*ENTRIES SUPPLIED*.
####
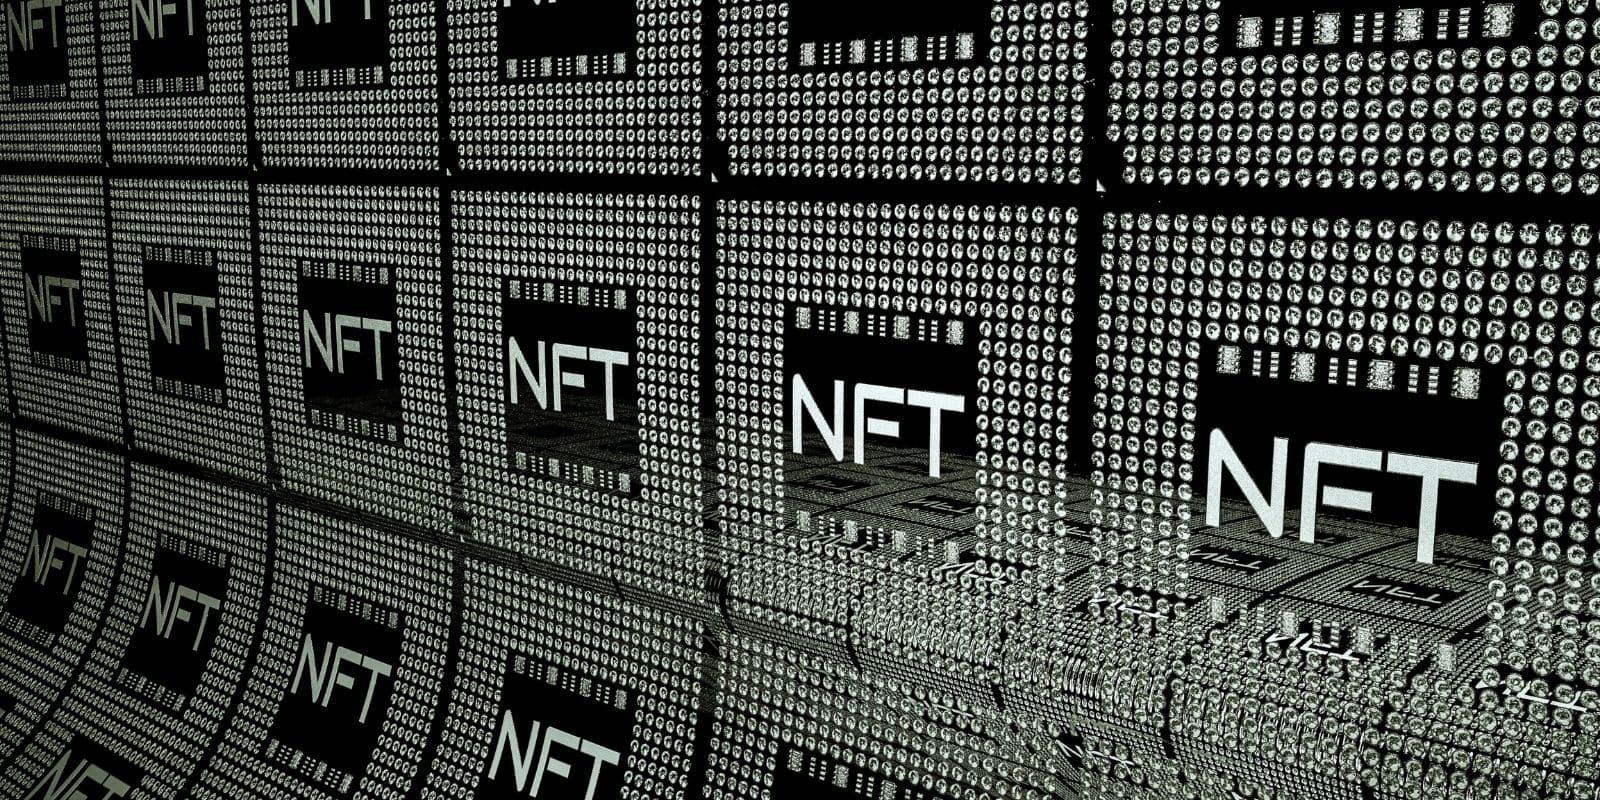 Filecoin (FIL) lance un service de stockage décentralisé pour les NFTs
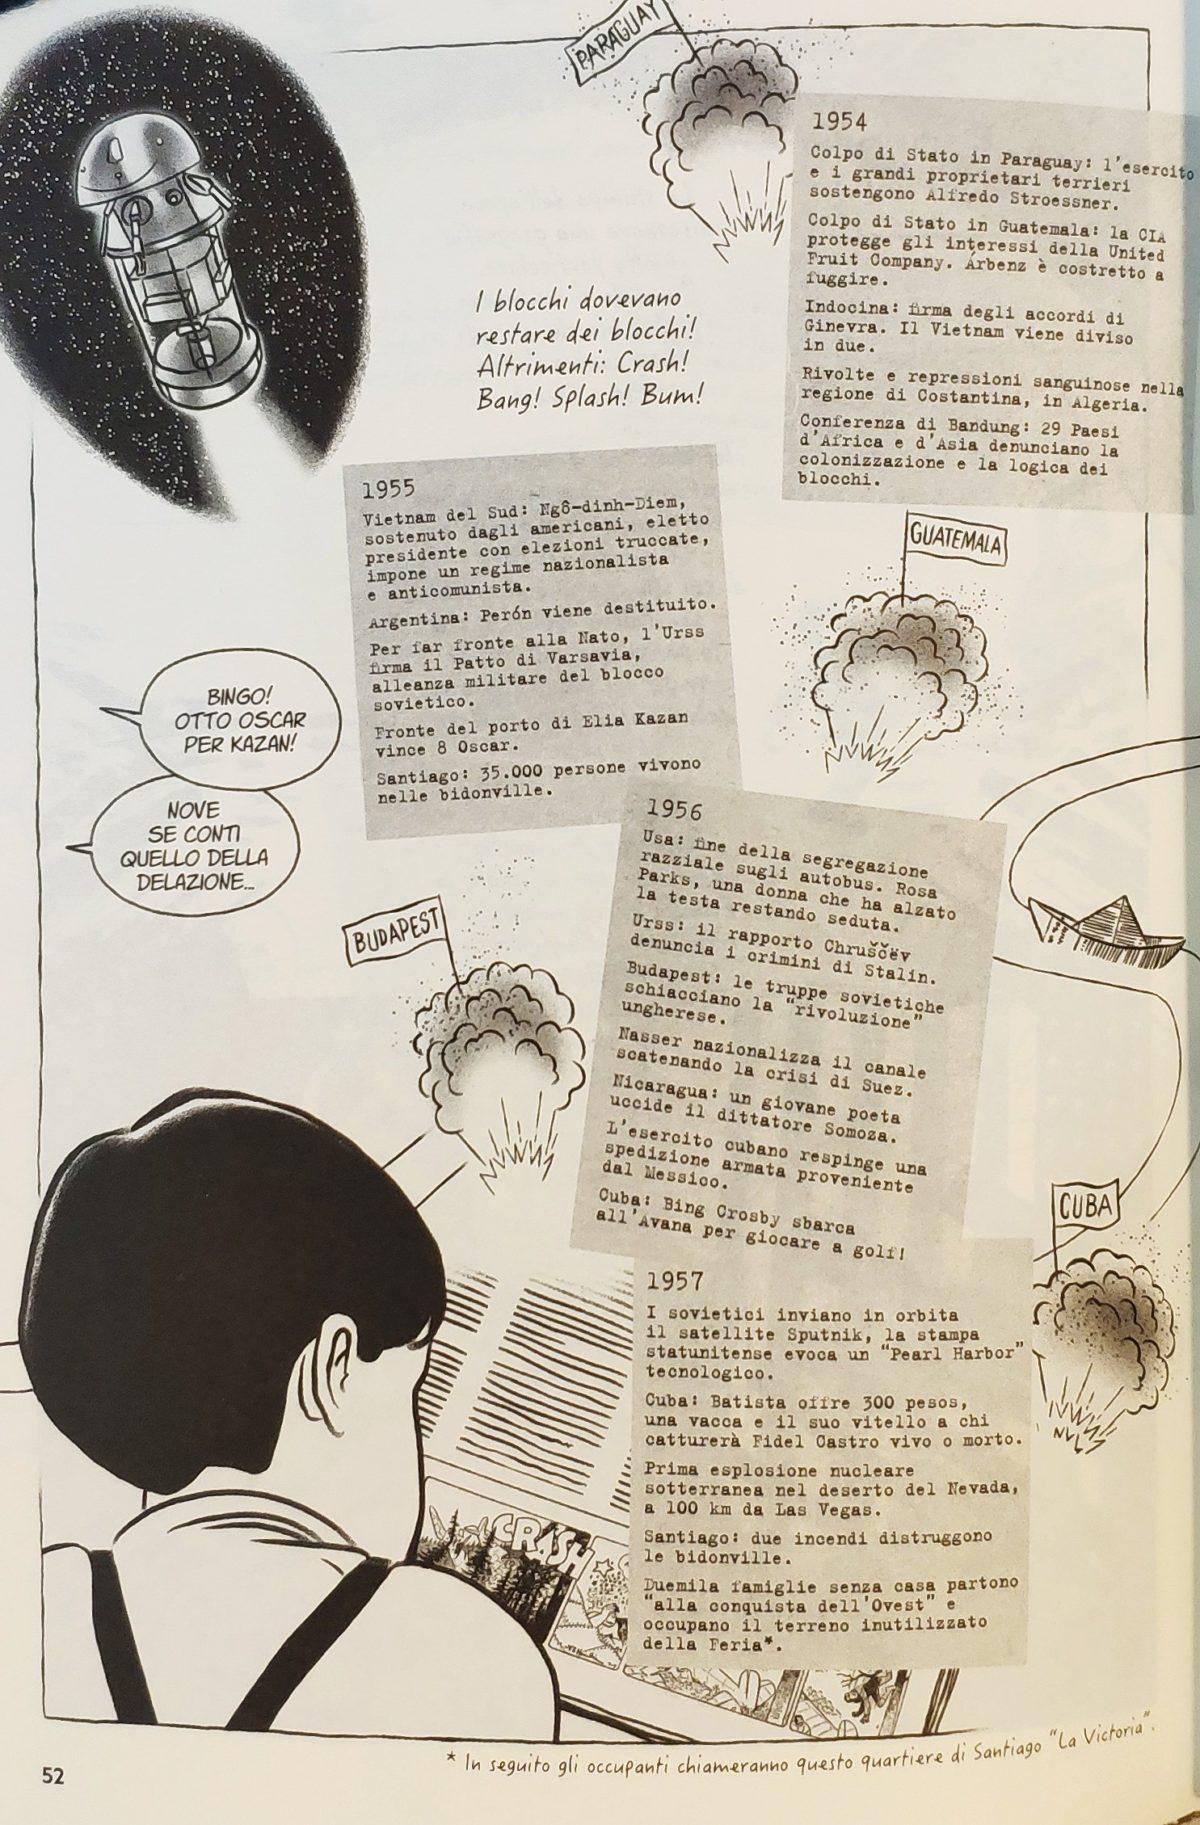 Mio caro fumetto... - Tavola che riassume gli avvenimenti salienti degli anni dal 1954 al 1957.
####
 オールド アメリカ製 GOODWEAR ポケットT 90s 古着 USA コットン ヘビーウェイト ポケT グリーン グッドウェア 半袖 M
####
*YOUR TASK*.
Nothing except the lines from the one containing "Filecoin (FIL) lance" through the one containing "Mio caro fumetto..." should appear in the answer, exactly as above and without pictures.

*OUTPUT OF THE EXERCISE*.
 Filecoin (FIL) lance un service de stockage décentralisé pour les NFTs
 Mio caro fumetto... - Tavola che riassume gli avvenimenti salienti degli anni dal 1954 al 1957.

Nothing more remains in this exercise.